Problem:
The lines below, from the one holding "Imagen generada digitalmente" through the one holding "Đơn vị chuyên", are to be restated word for word, with all images left out.

Recorded data:
-*-

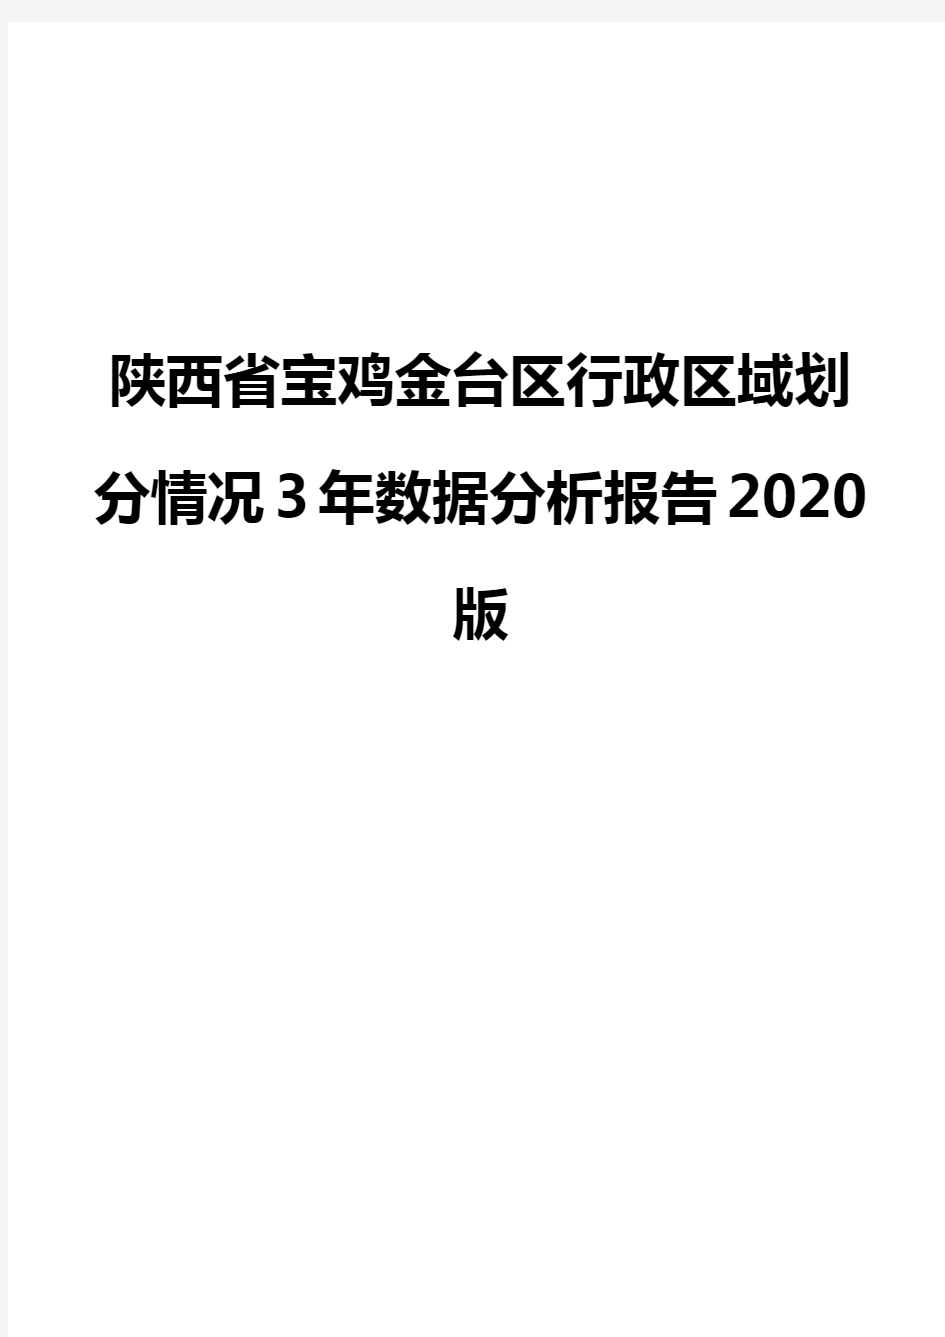 陕西省宝鸡金台区行政区域划分情况3年数据分析报告2020版
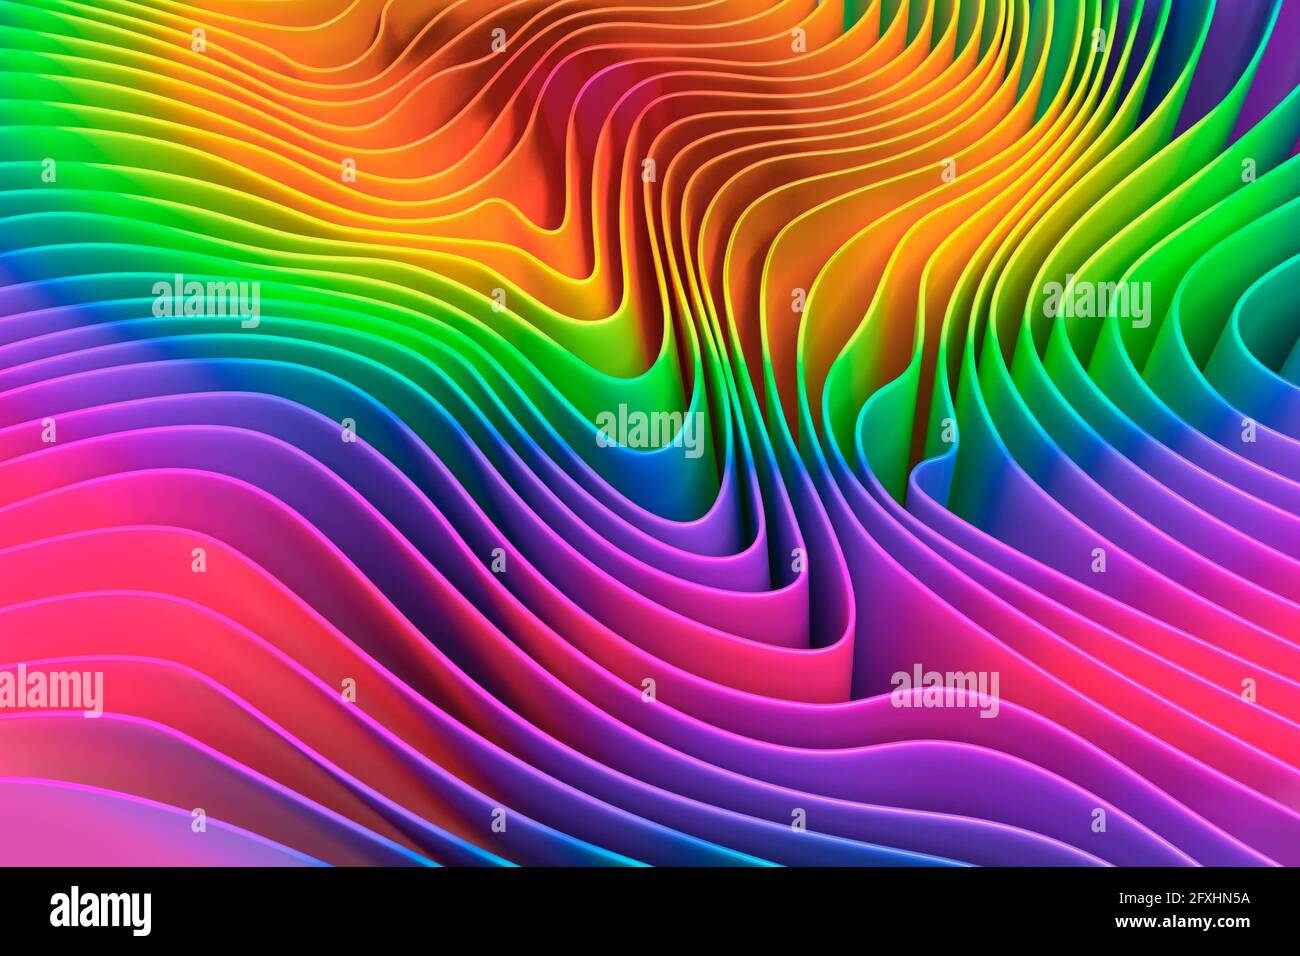 Imagen generada digitalmente patrón de rizado multicolor arco iris Foto de stock
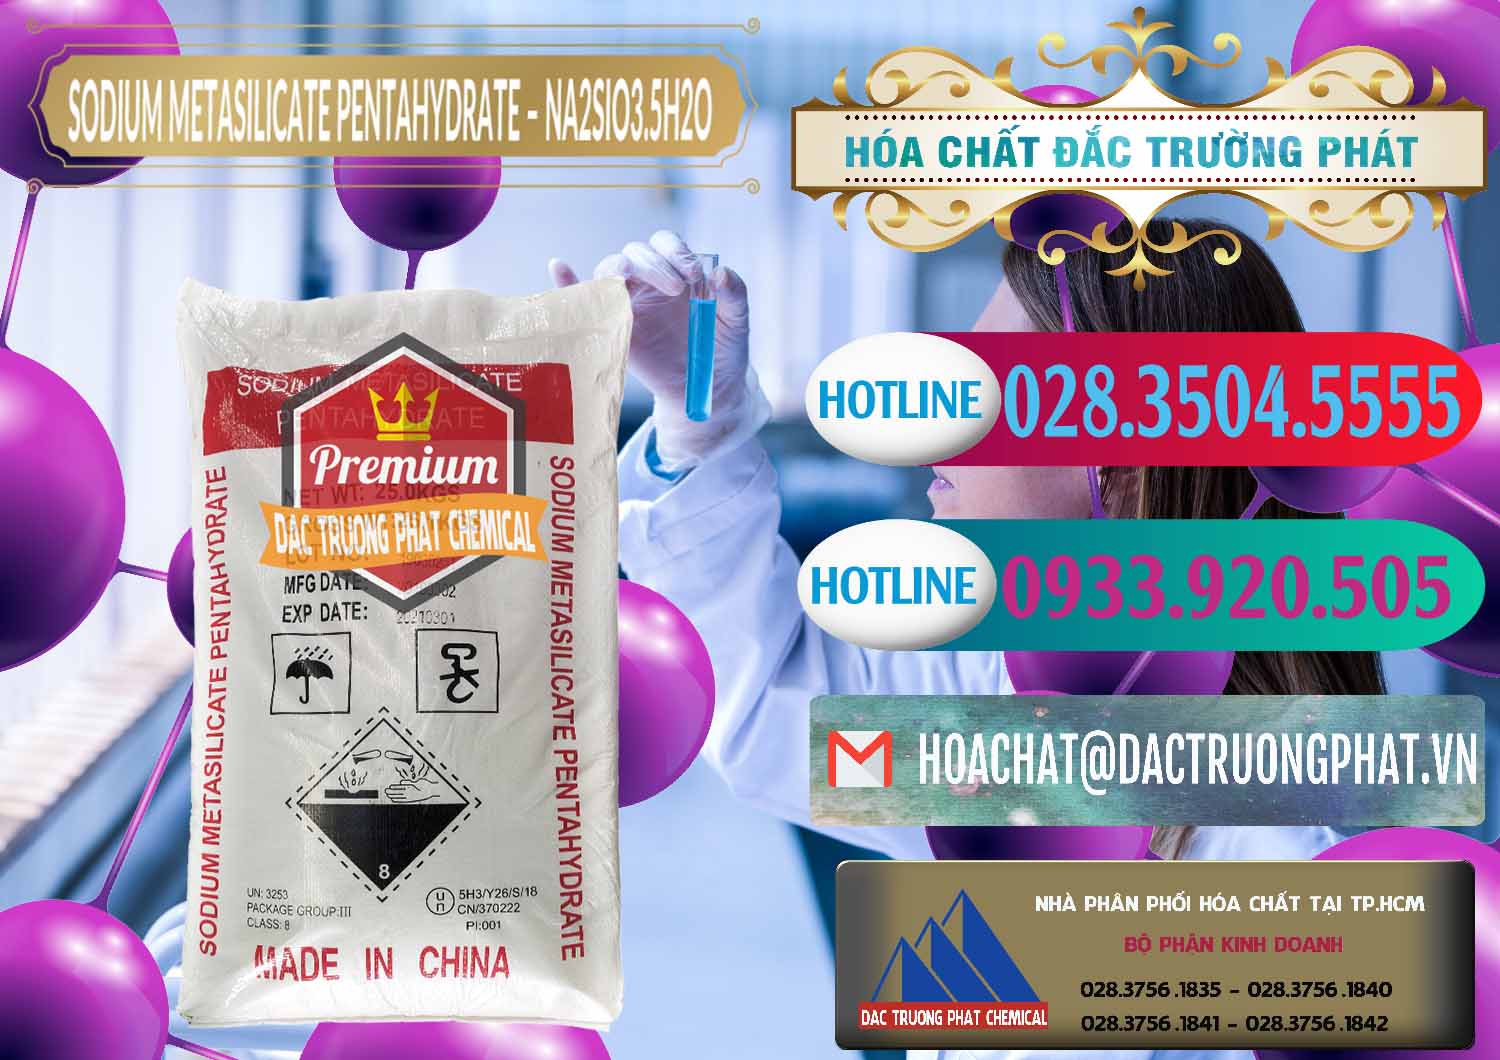 Đơn vị chuyên cung cấp & bán Sodium Metasilicate Pentahydrate – Silicate Bột Trung Quốc China - 0147 - Cty kinh doanh - phân phối hóa chất tại TP.HCM - truongphat.vn
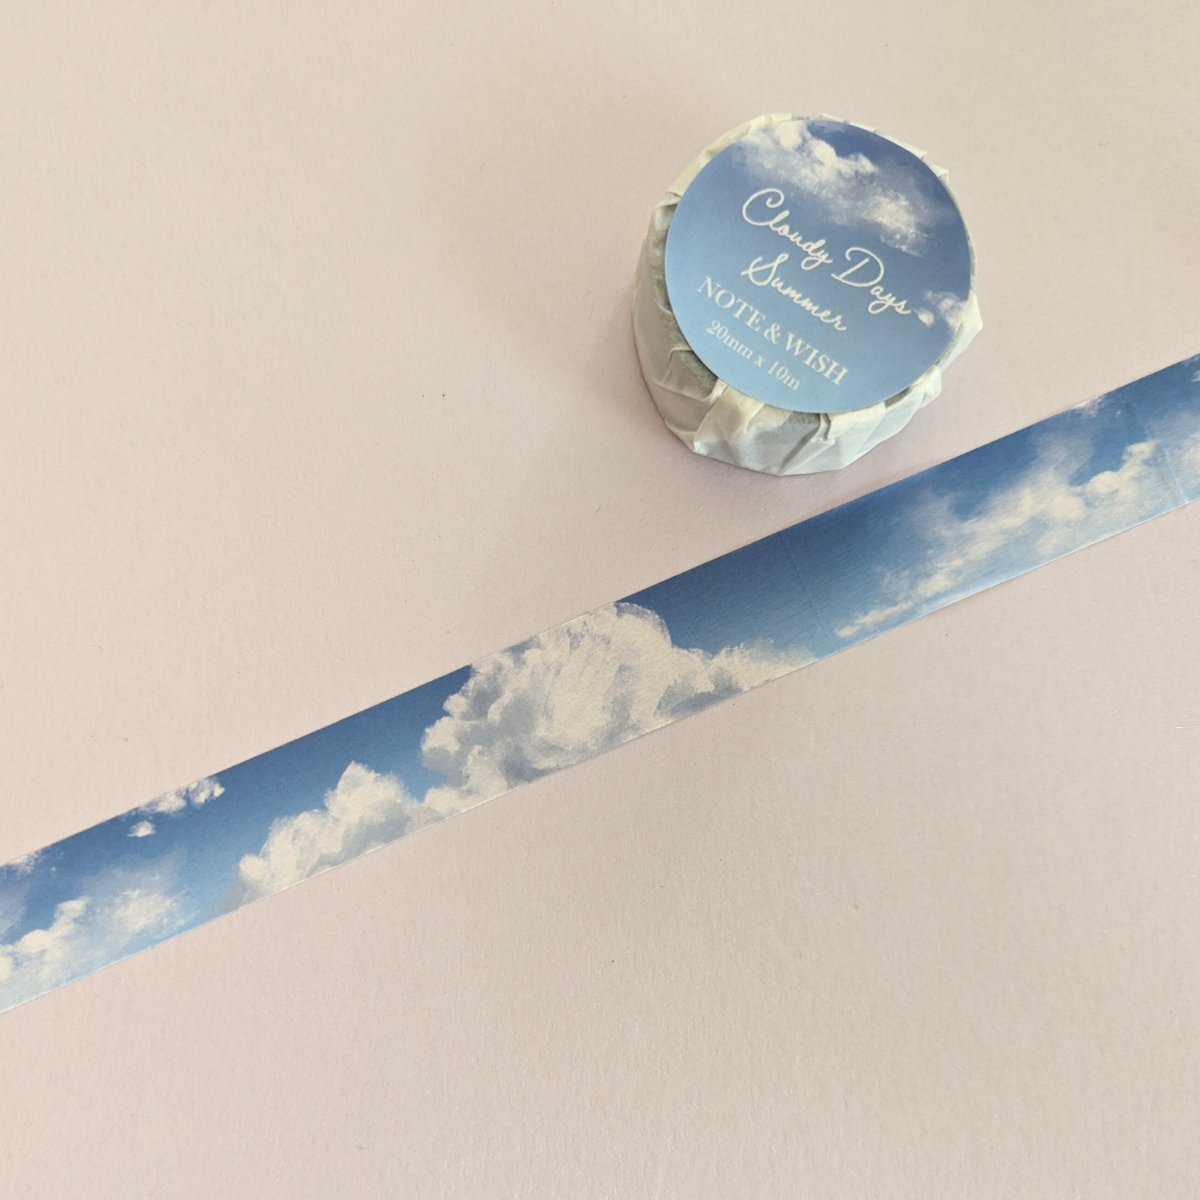 Ce rouleau de masking tape est un accessoire de décoration unique qui évoque la sérénité et la beauté d’un ciel d’été. Avec son design apaisant, il apporte une touche de calme et de rêverie à vos projets créatifs.

-*-

Answer space:
 Imagen generada digitalmente patrón de rizado multicolor arco iris Foto de stock
 Đơn vị chuyên cung cấp & bán Sodium Metasilicate Pentahydrate – Silicate Bột Trung Quốc China - 0147 - Cty kinh doanh - phân phối hóa chất tại TP.HCM - truongphat.vn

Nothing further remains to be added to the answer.